I did remember my camera today, fun photos.


----------



## ChevysMyBoy (Jan 2, 2013)

Oh you lucky duck! There are no trails around me So were stuck with a dirt outdoor arena.


----------



## whisperbaby22 (Jan 25, 2013)

It's hard to believe that I live in the city. But minutes from a heavily protected river, only horses and hikers allowed. Else I'd be going nuts.


----------



## whisperbaby22 (Jan 25, 2013)

Yesterday the weather was unsettled, so I went early down to the corner. There are trails all over in the sand, you can go left or right as in this first photo. Then down to the river to cool off, and back home.


----------



## lvmyhorses (Dec 18, 2012)

these photo look like the Santa Ana river in Norco, Calif? Yes or No?


----------



## whisperbaby22 (Jan 25, 2013)

Overcast this morning - perfect for riding. I was anxious to see how a photo in the fog would turn out.


----------



## whisperbaby22 (Jan 25, 2013)

It rained a bit, so I went down to the river to see how far up the water had gone.


----------



## RegularJoe (Aug 26, 2014)

whisperbaby22 said:


> Overcast this morning - perfect for riding. I was anxious to see how a photo in the fog would turn out.

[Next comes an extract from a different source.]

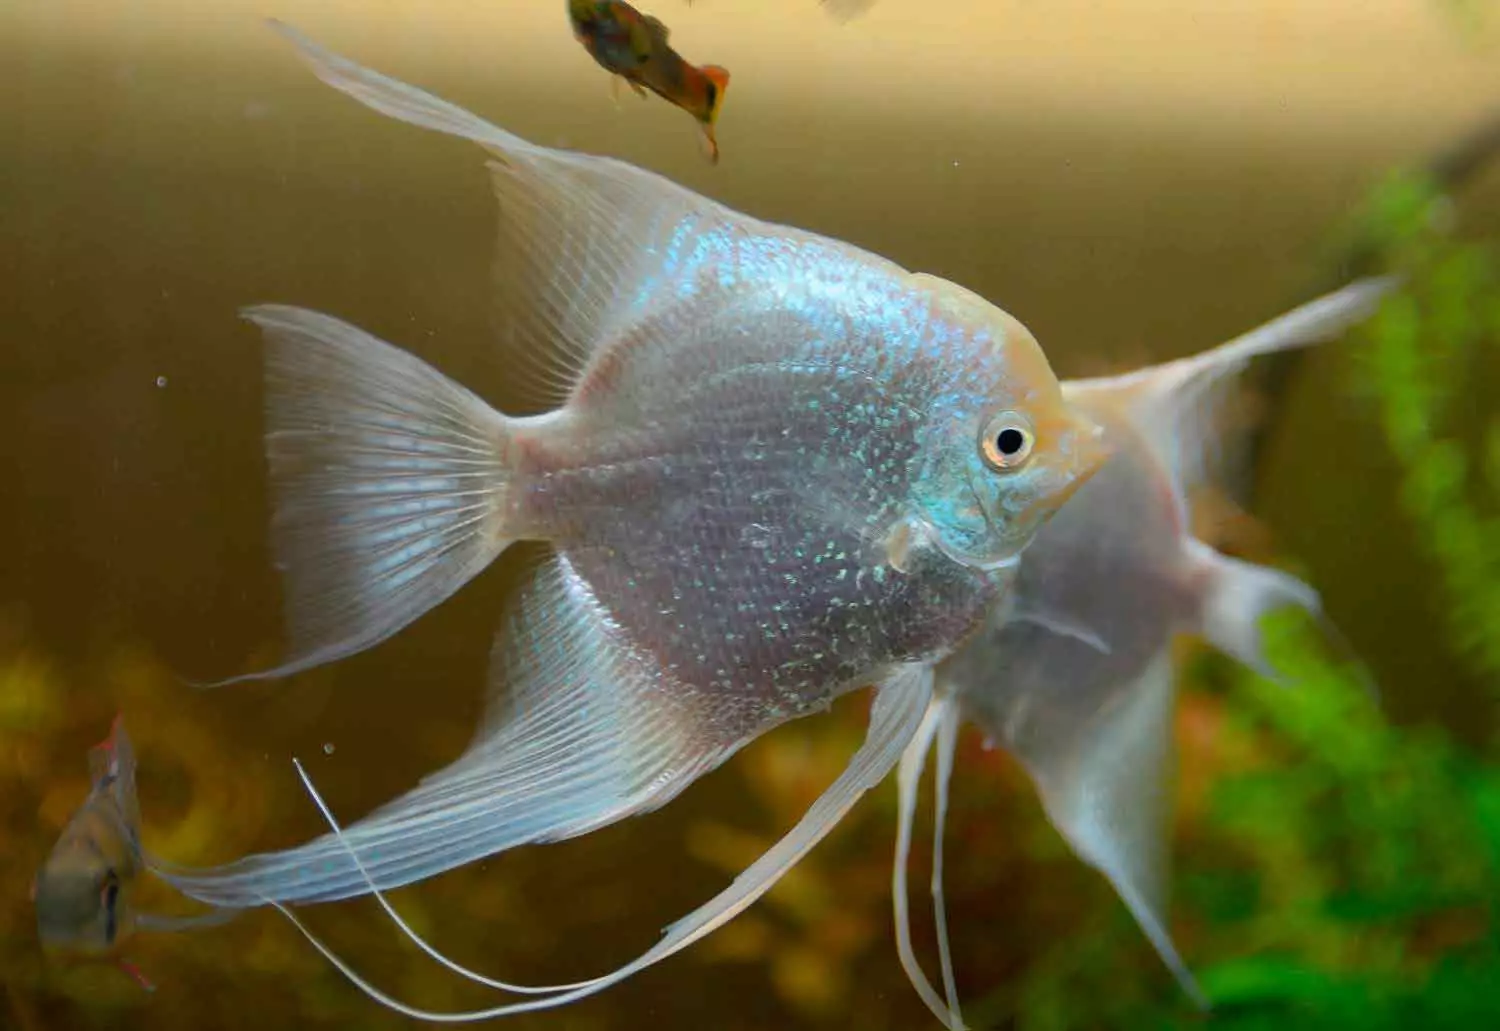 مچھلی ڈینیو (43 فوٹو): ایکویریم پرجاتیوں کی وضاحت. کتنے مچھلی رہتے ہیں؟ بھری کی دیکھ بھال ویوورنی ڈینیو یا نہیں؟ ہم آہنگ ان 11538_37

Fog is great for obscuring objects in the distance when you really want to make something in the foreground pop. 

Nice trail.


----------



## whisperbaby22 (Jan 25, 2013)

Thanks. Partly to figure out how to use the computer, partly enjoying trying to get "artistic" photos, but all fun.


----------



## balaarena (Sep 10, 2014)

Hi, Nice fun photos.. thanks for sharing....


----------



## whisperbaby22 (Jan 25, 2013)

Absolutely glorious yesterday, even though I will get a lot more hot weather, just being fall the light and the air seems fresher.


----------



## whisperbaby22 (Jan 25, 2013)

I was very annoyed Friday, went for a ride, and Bam! Everything just seems so much better when you can ride!


----------



## whisperbaby22 (Jan 25, 2013)

Balmy So Cal.


----------



## texasgal (Jul 25, 2008)

Love the photos, but one thing is sorely missing in every photo....

EARS!

LOL ..


----------